¿Qué es la aventura?

¿Es una aventura irse lejos de casa y vivir en la incertidumbre?

¿Es una aventura tener hijos e hipoteca?

¿Es una aventura buscar trabajo?

¿Qué es en realidad la aventura?

Siempre he sido reacio a que me llamen aventurero. Ese es un término que dejo para los héroes de las películas y lo que yo hago con la moto dista mucho de una película.

Lo que la gente no ve, son los cientos de horas en un sillín que acaba pareciendo una piedra, con los brazos a media altura ideal para que se te duerman las manos. El calor, el frío, la lluvia, el viento. Poner gasolina cada 250km. Los bichos en la visera. Comer poco y mal. No entender el idioma en el que te hablan. Quedarte dormido a las 20.00h de puro agotamiento. Sentir dolor en los brazos, las rodillas, los riñones, el cuello, la espalda. No saber donde dormirás o donde comerás. Sufrir porque no encuentras una gasolinera. Esperar durante horas para atravesar una frontera a pleno sol. Y todo para llegar a un camino, un río, un palacio antiguo, unas ruinas, un pueblo o una ciudad, hacer la foto de rigor y continuar…

A todo eso, a mi me gusta llamarlo estilo de vida.
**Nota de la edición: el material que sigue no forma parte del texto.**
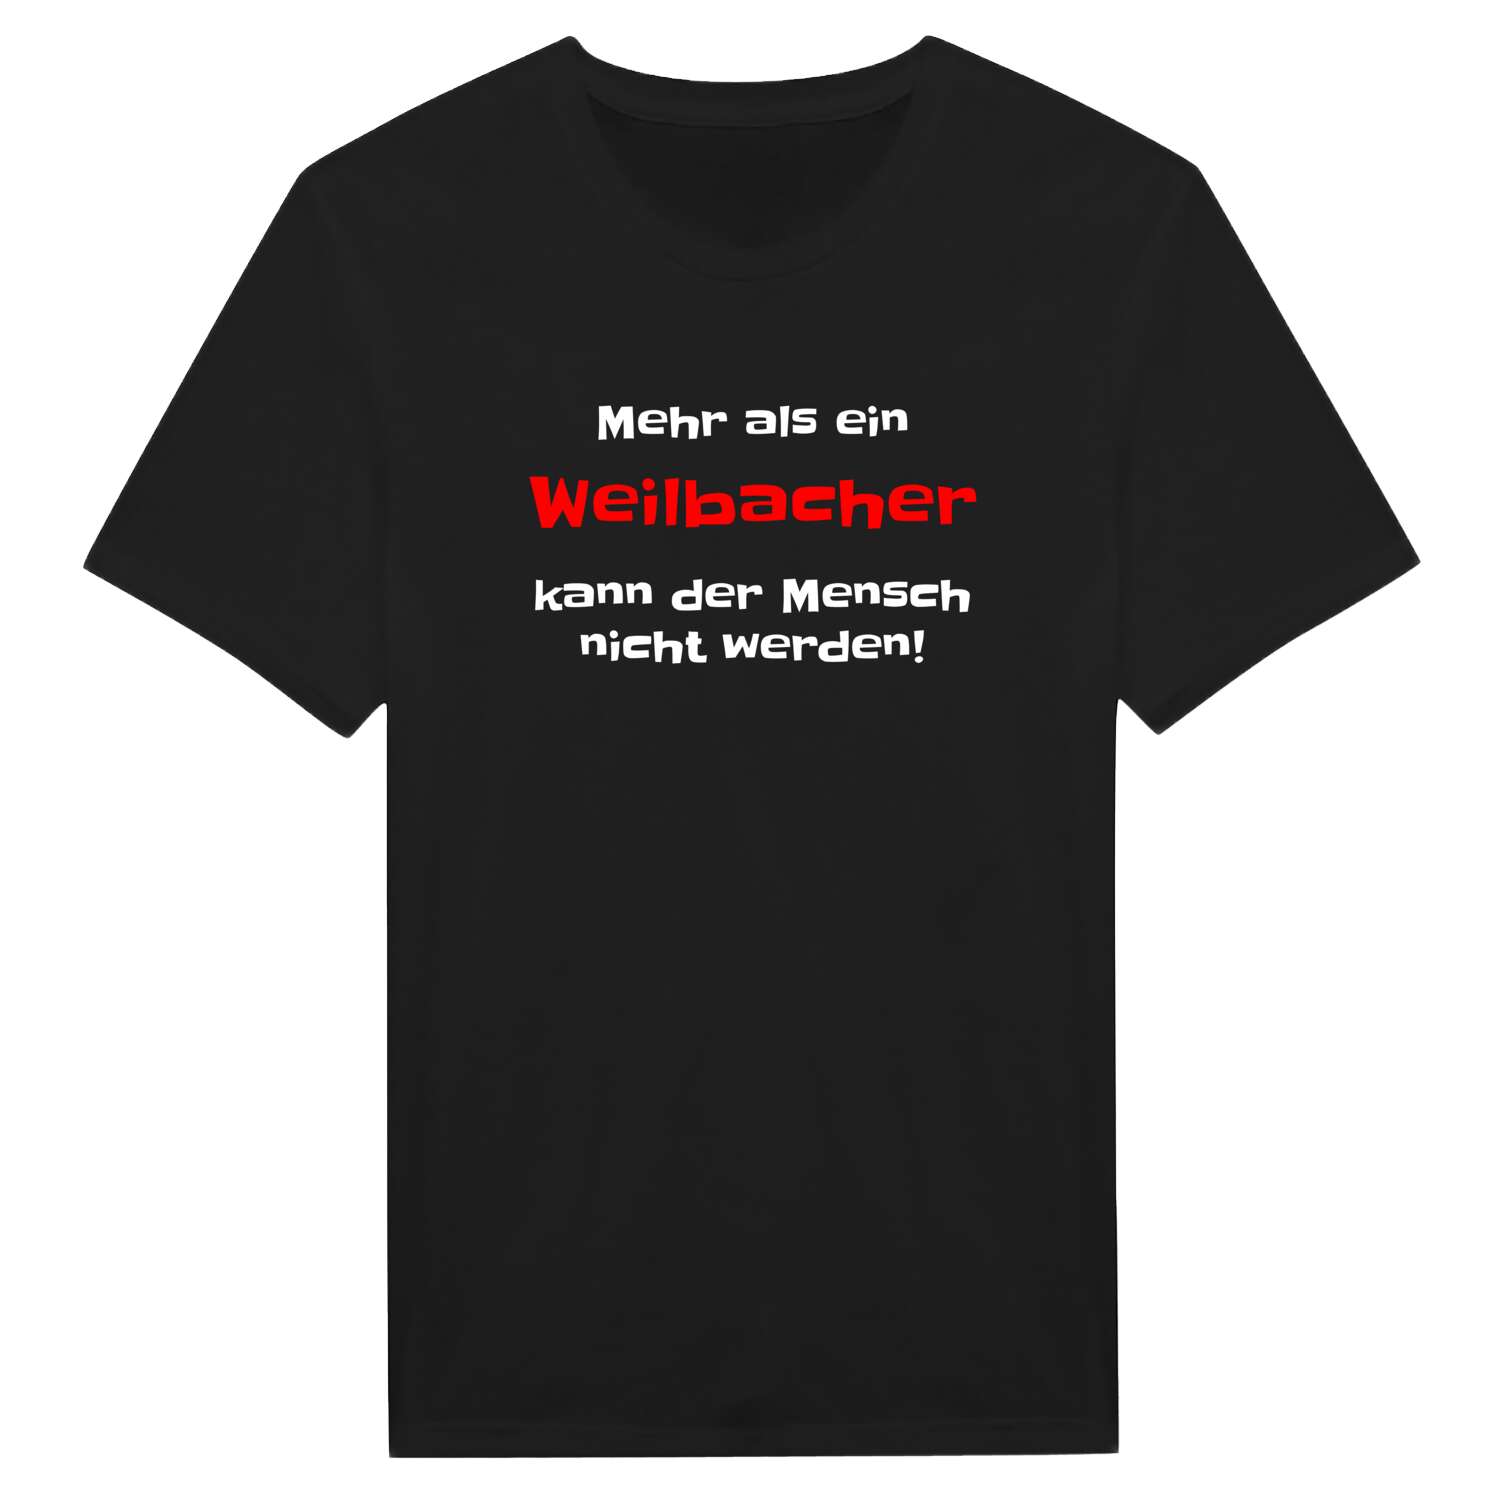 Weilbach T-Shirt »Mehr als ein«

Cuando hablando con los amigos y les cuento un resumen de todos los momentos vividos en una ruta, el resultado puede parecer una aventura, pero para llegar a ese punto hay que saber vivirla y contarla.

Pero insisto, yo no soy un aventurero. Lo que si que me gusta es vivir los momentos que me ofrecen las ruta. Así que si quieres una aventura solo tienes que mezclar todos esos momentos, pues son todos necesarios. No busques evitarlos y tendrás miles de cosas que explicar a tus nietos.